You can read the original at Gary’s THIS DAY IN HISTORY blog — or scroll down to enjoy Gary’s unique look at life’s comings and goings.




1808 – Rum Rebellion.

This insurrection took place in New South Wales, Australia. In the late 18th century New South Wales (NSW) had been established by England as a penal colony. The NSW Corps was formed to maintain control. Coin was in short supply, so rum was used as a means of exchange and barter. The NSW Corps controlled the rum trade. A new governor, William Bligh, was installed in 1806 with orders to end that practice. Bligh was a man known for his integrity, short fuse, and intemperate language. This was the famous Bligh who had captained the HMS Bounty.
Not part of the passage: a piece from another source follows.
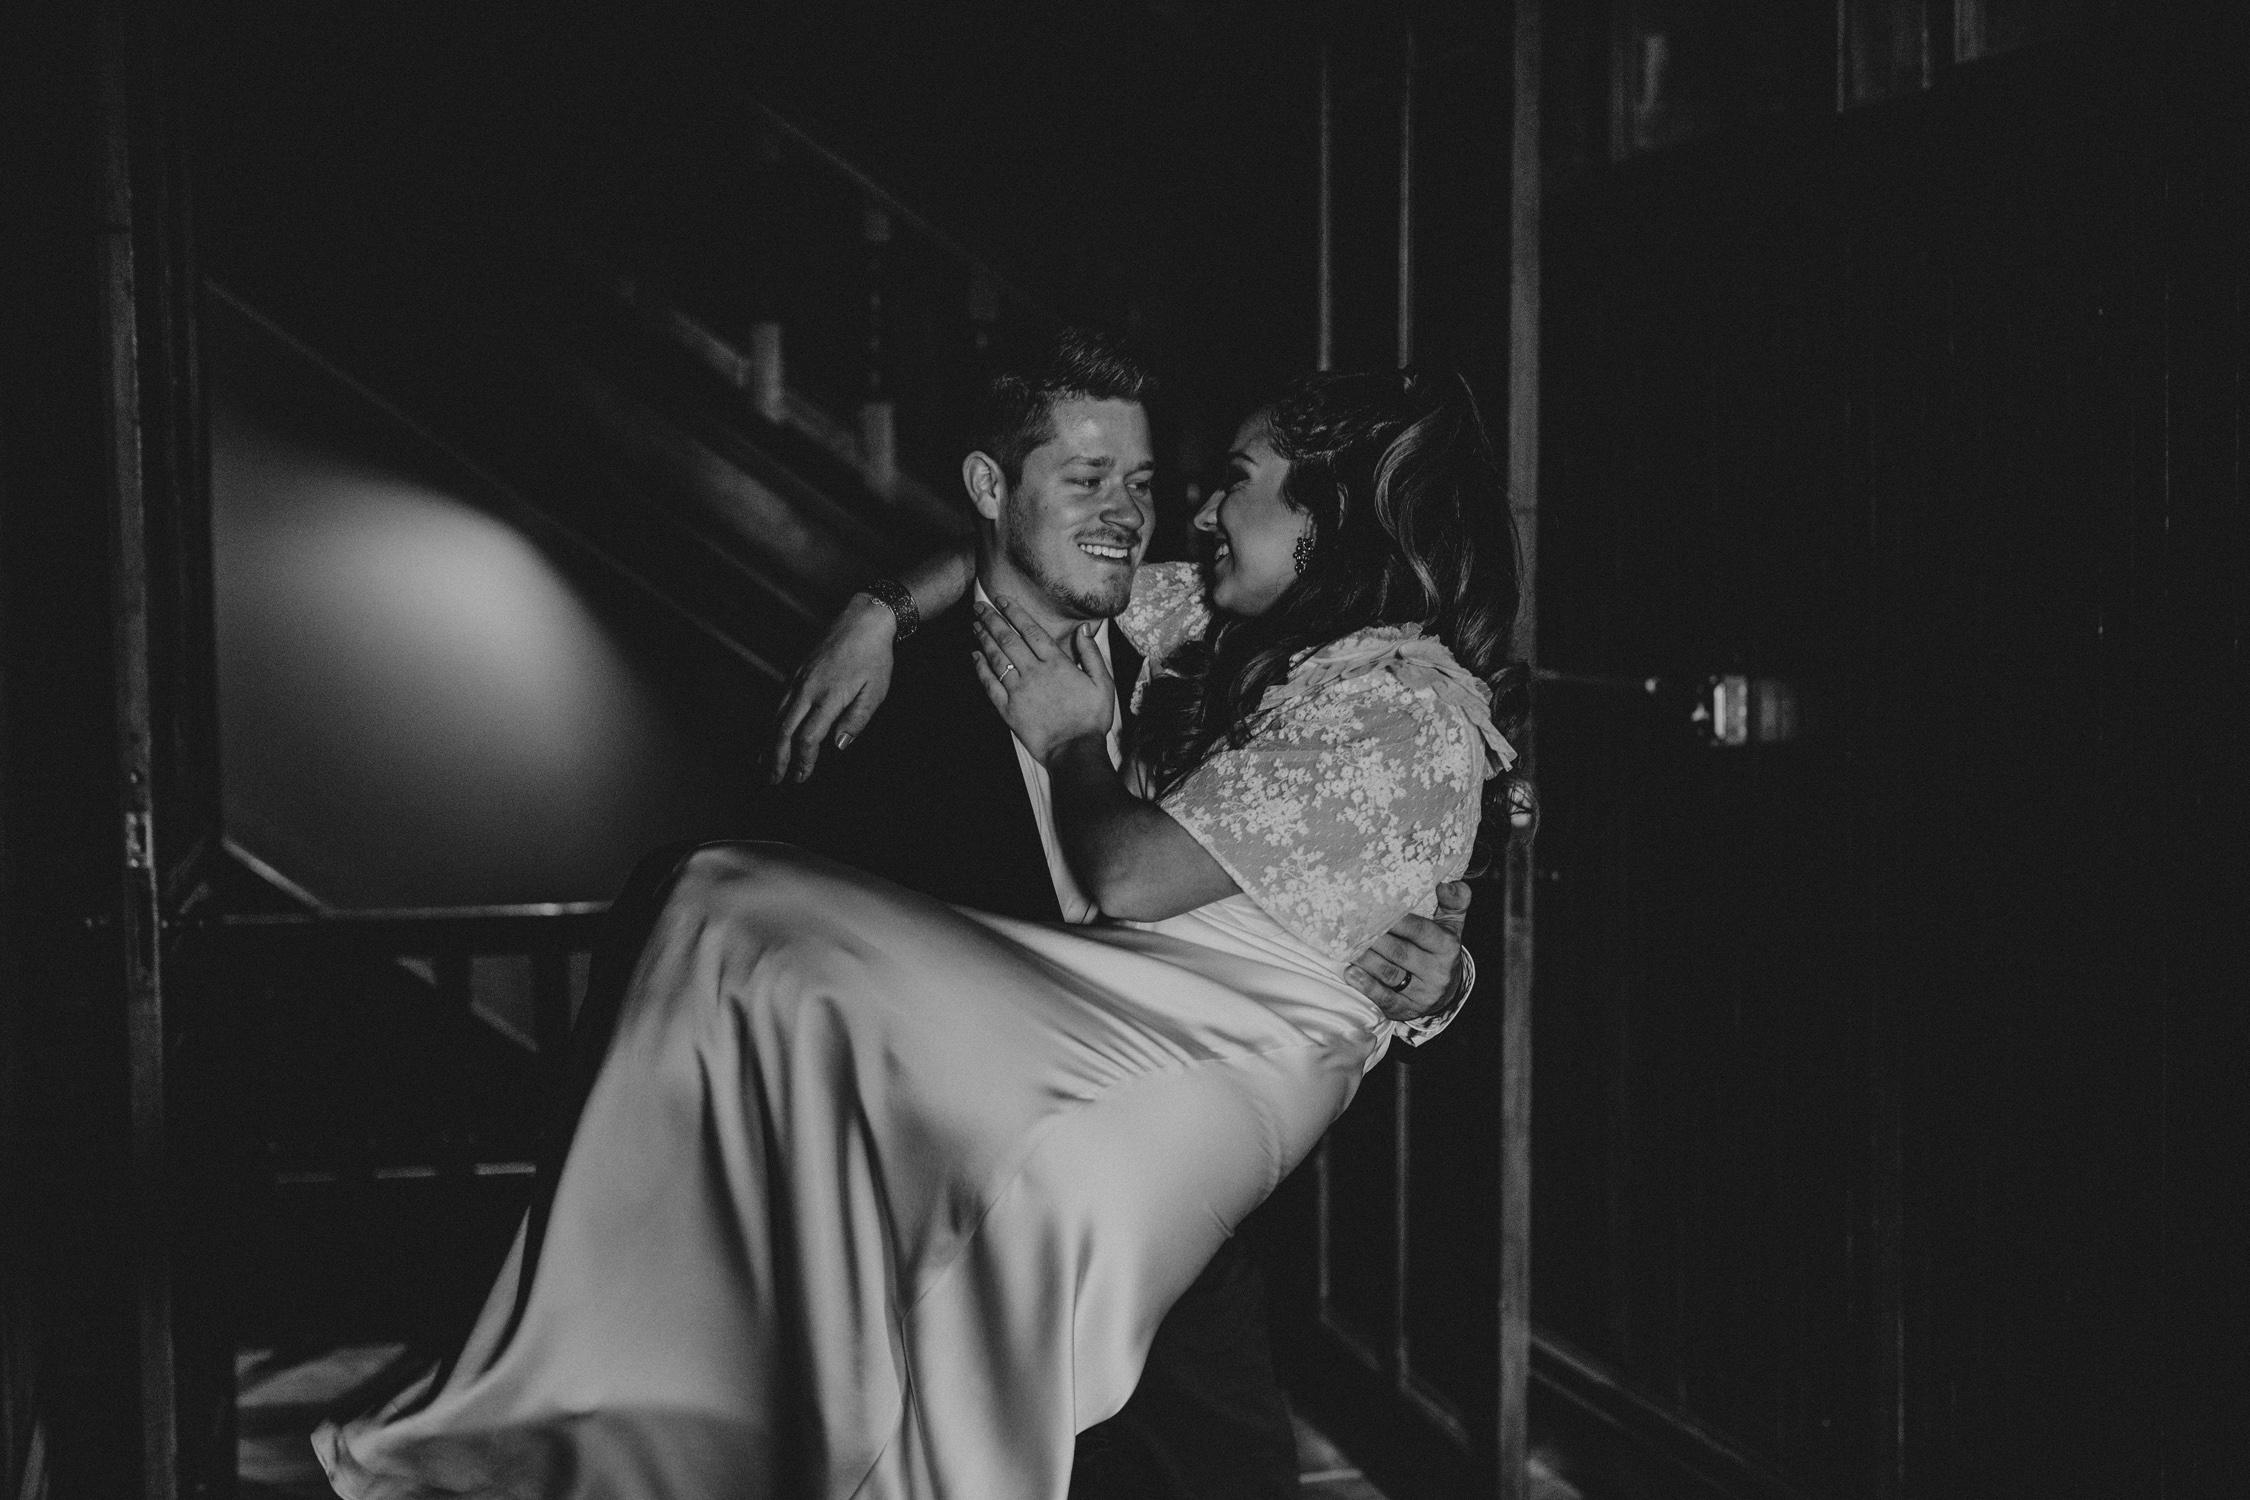 albany_wedding_boudoir_014.JPG

He brought that same inflexibility to NWS. He ordered that rum no longer be used for barter and began destroying stills. The Corps rose up, jailed Bligh, and ruled NSW for two years. In 1810 Bligh was released, the Corps returned to England, and its leaders were dismissed from service and banned from NSW.

More about power and control, the rebellion had little to do over rum. It wasn’t until decades later, when a book was written about it ,that it even became known as the Rum Rebellion. That may have had more to do with alliteration than fact.
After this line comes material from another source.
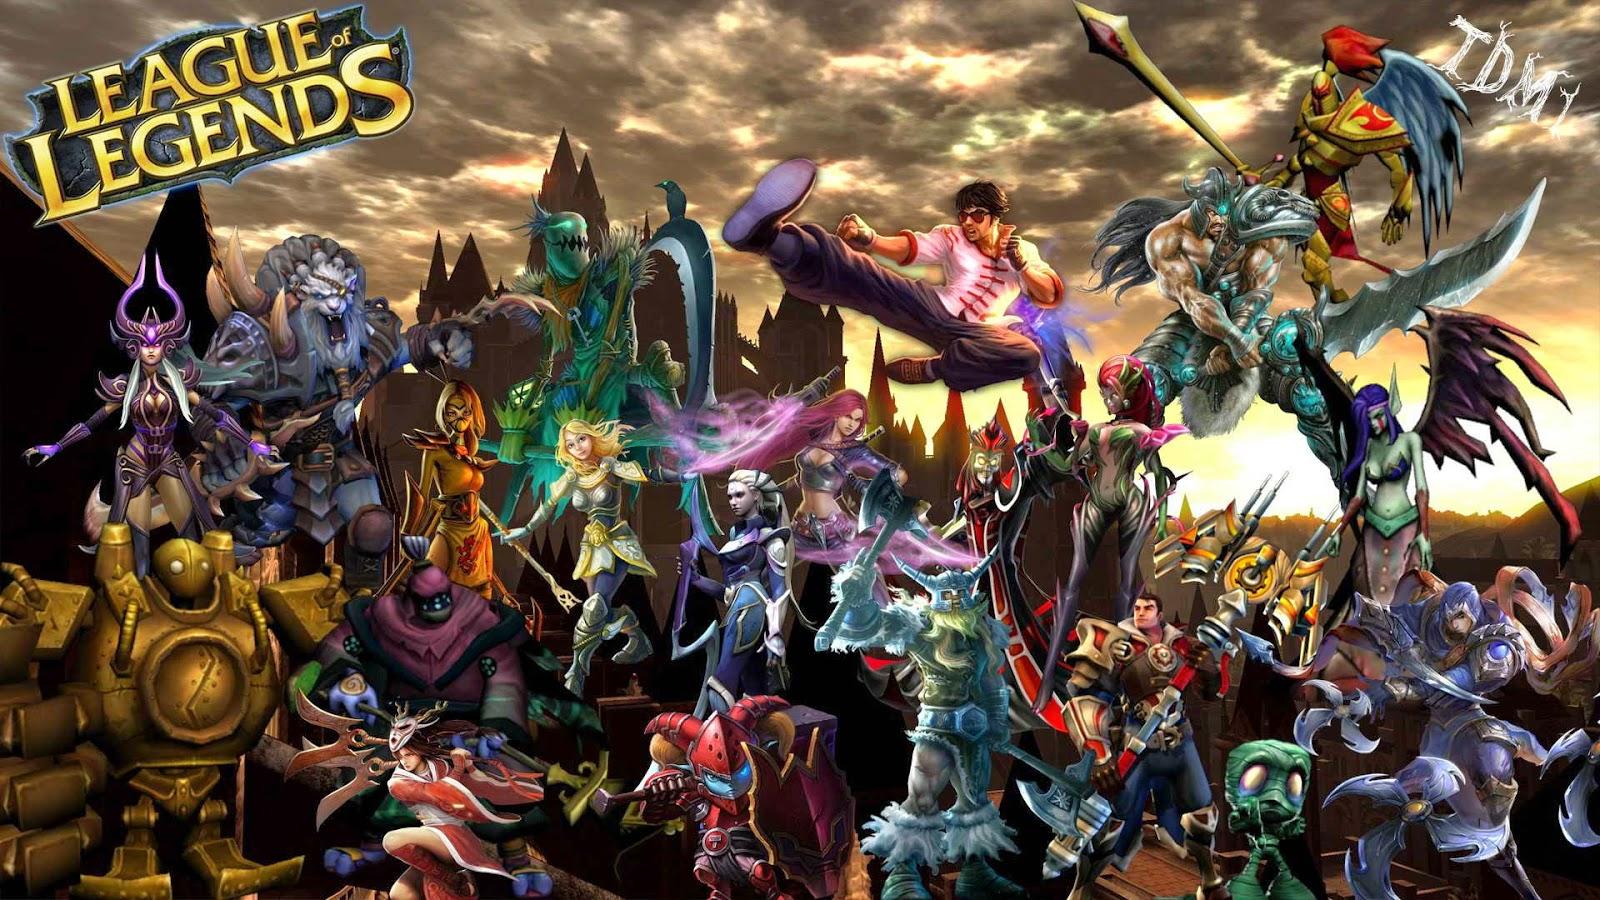 League of Legends hd wallpaper by hdwallsource

Bligh was from that cut of naval officers who believed that floggings somehow improved morale. Didn’t work on the Bounty and didn’t work in New South Wales.


1913 – Jim Thorpe stripped of Olympic Gold Medals.

Thorpe, a Native American of the Sac and Fox Nation, won two gold medals at the 1912 Olympics in Stockholm, Sweden. He won the Pentathlon and the Decathlon wearing mismatched shoes, one of which he had found in a trash can, because his own had been misplaced. The King of Sweden, in presenting him the medals, said, “You, sir, are the greatest athlete in the world.” Six months later it was discovered that Thorpe had been paid to play minor league baseball. That made him a professional and only amateurs could compete in the Olympics so he had to give up the medals. At the time many amateur athletes, using aliases, played professional sports. (See November 27th post about Johnny Blood.) In his naivety, Thorpe used his own name and it cost him.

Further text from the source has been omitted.